MATERIAL PROVIDED:
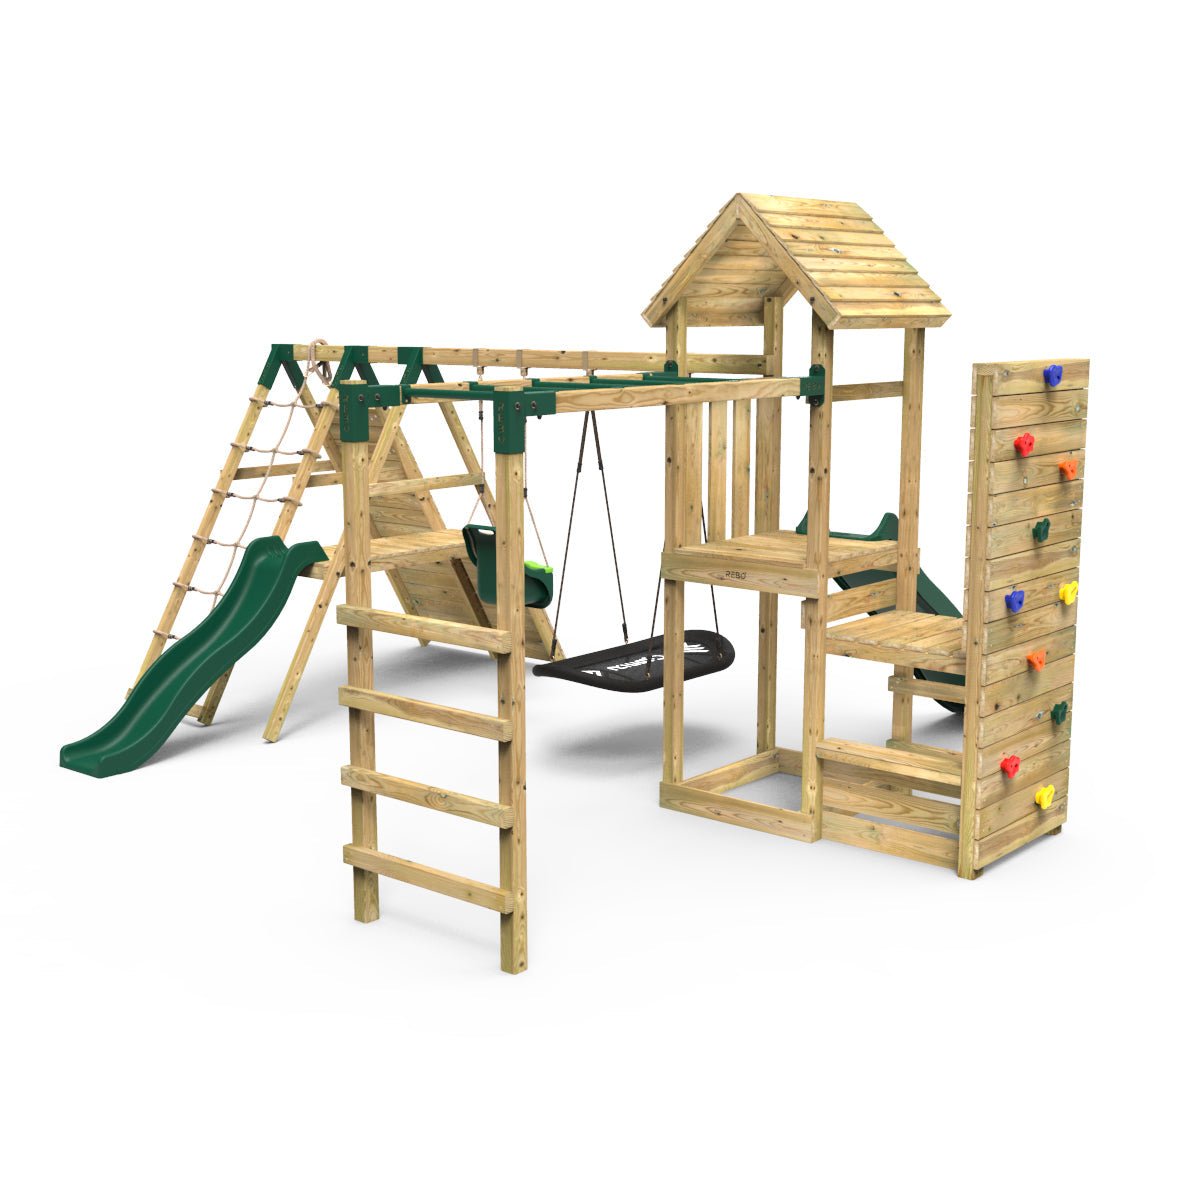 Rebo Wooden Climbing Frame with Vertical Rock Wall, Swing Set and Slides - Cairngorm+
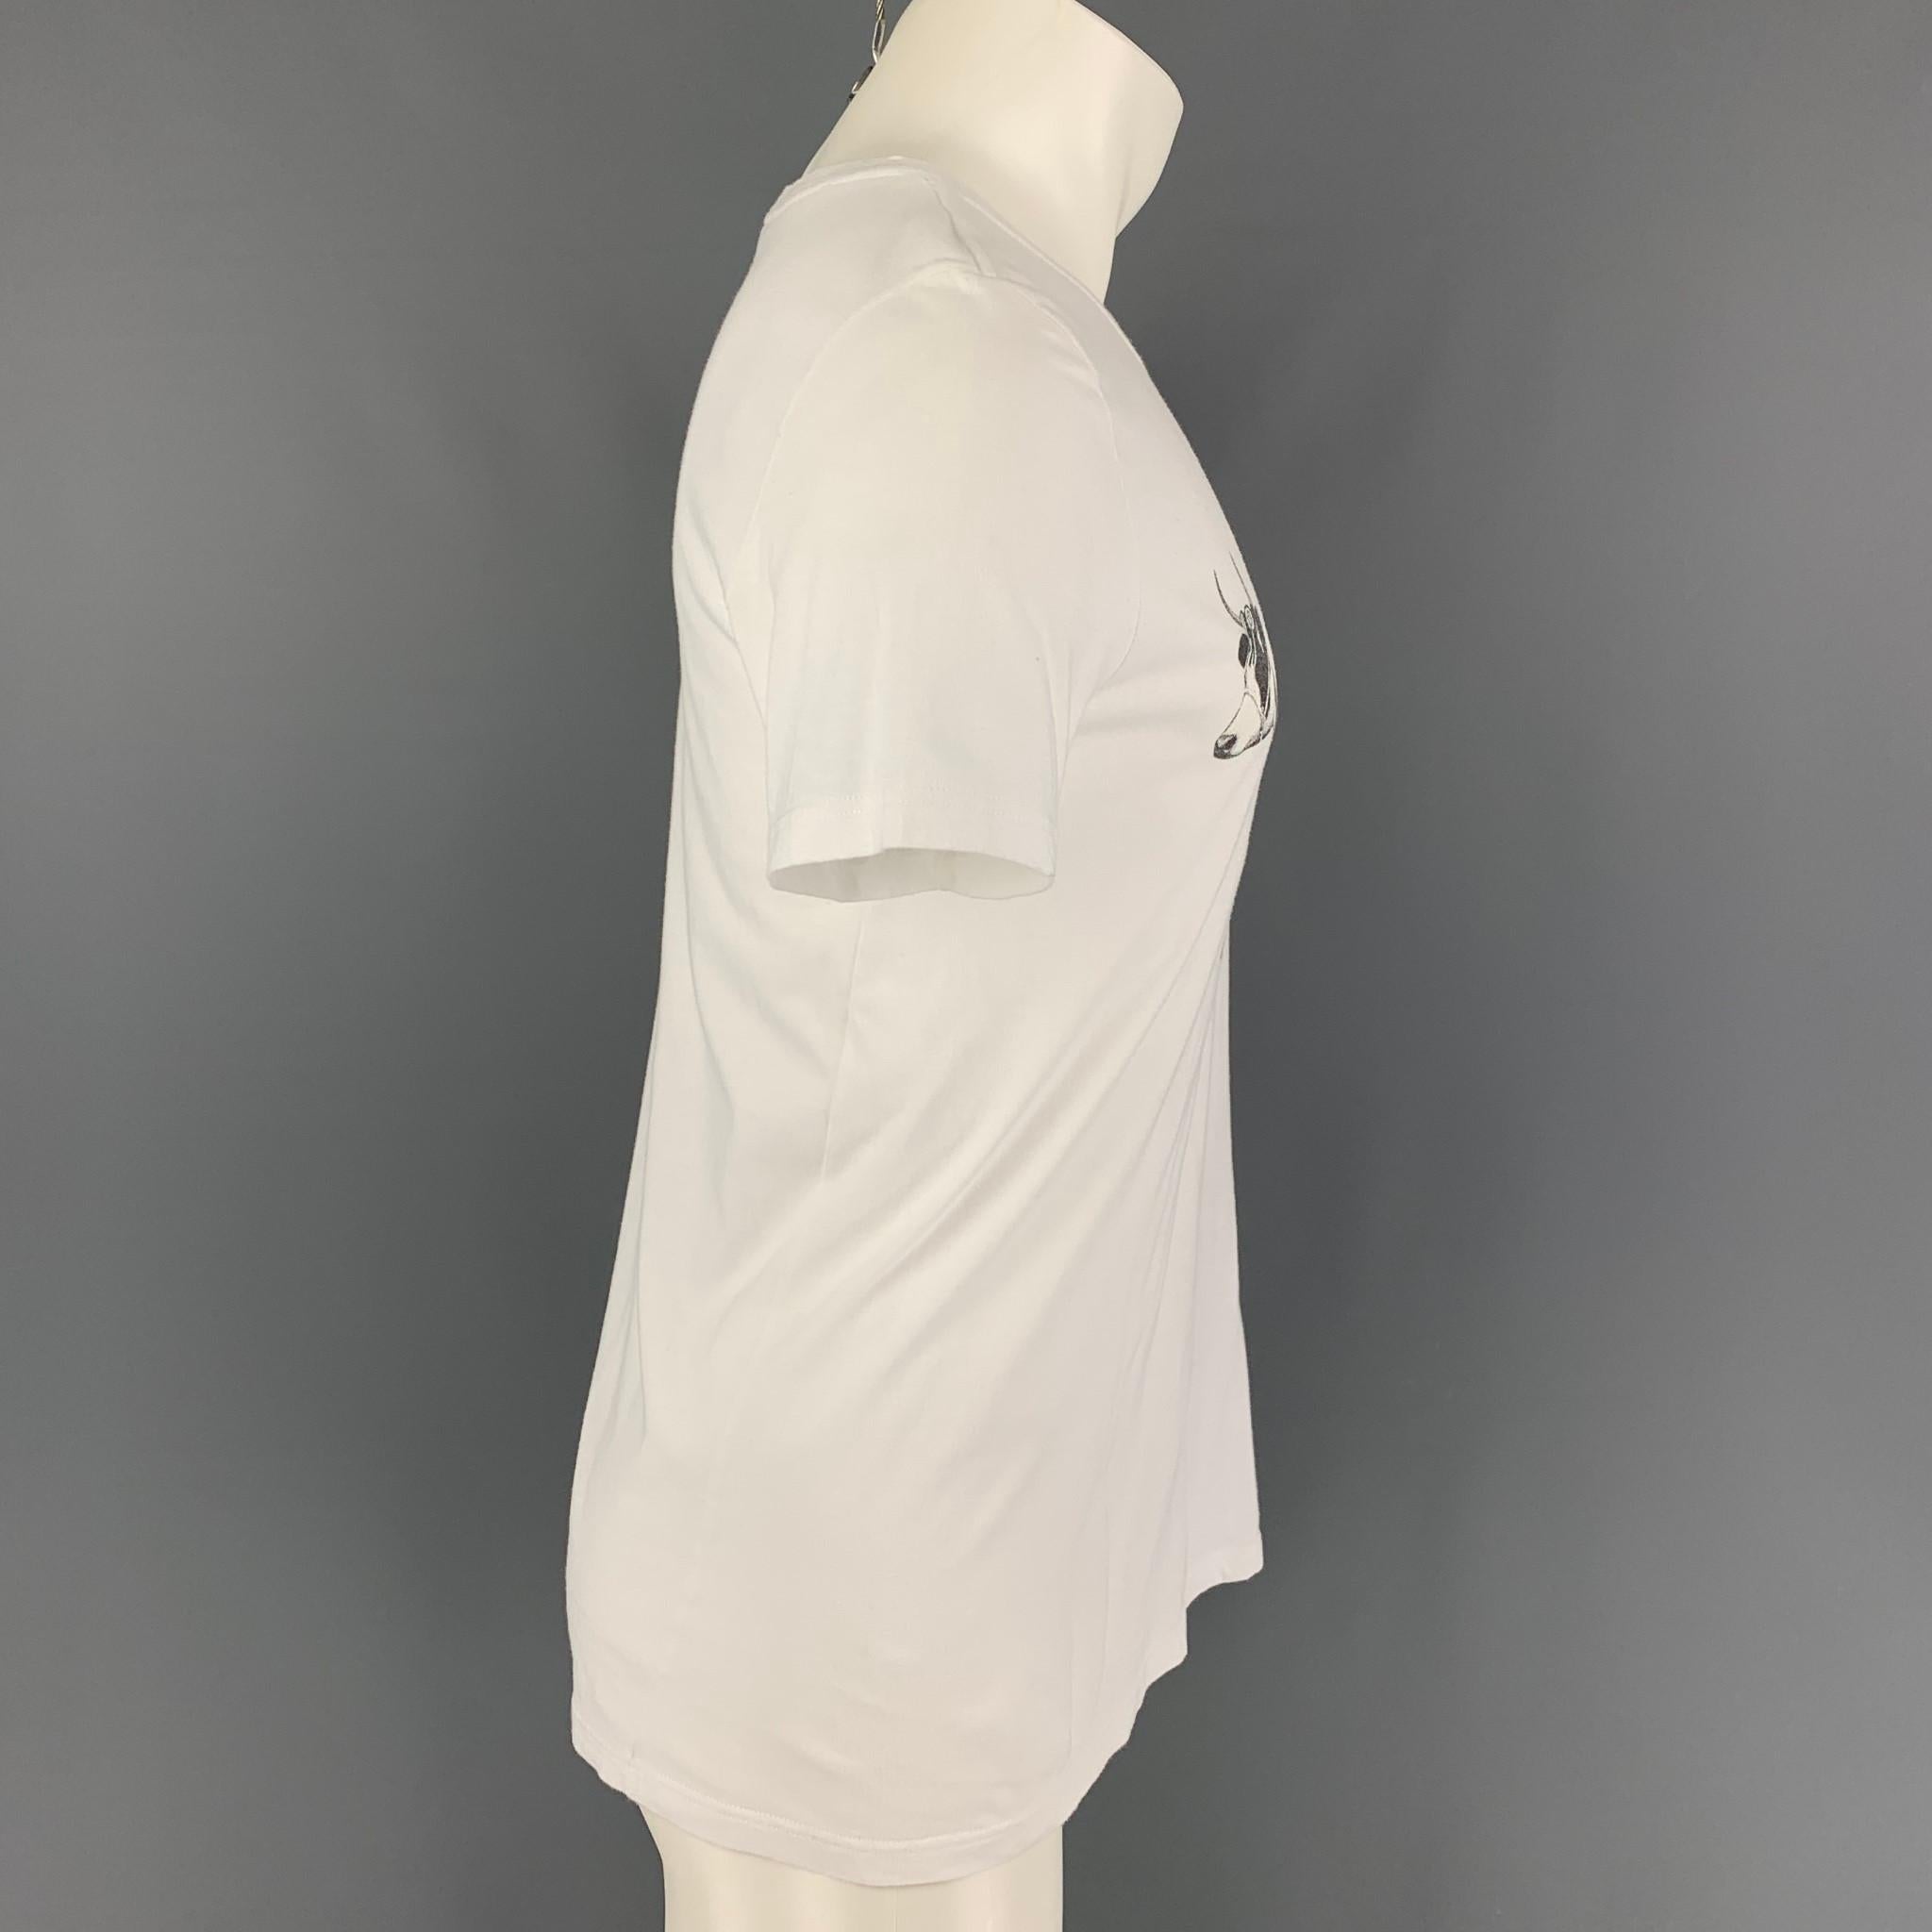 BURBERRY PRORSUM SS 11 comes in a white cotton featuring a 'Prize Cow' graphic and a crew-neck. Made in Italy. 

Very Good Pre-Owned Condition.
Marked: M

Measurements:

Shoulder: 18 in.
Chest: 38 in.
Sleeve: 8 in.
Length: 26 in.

REQUIRED ACTION: The expected answer is the lines from the one containing "Shoulder: 18 in." through the end of the material, reproduced exactly with both ends kept.

COMPLETED EXERCISE:
Shoulder: 18 in.
Chest: 38 in.
Sleeve: 8 in.
Length: 26 in.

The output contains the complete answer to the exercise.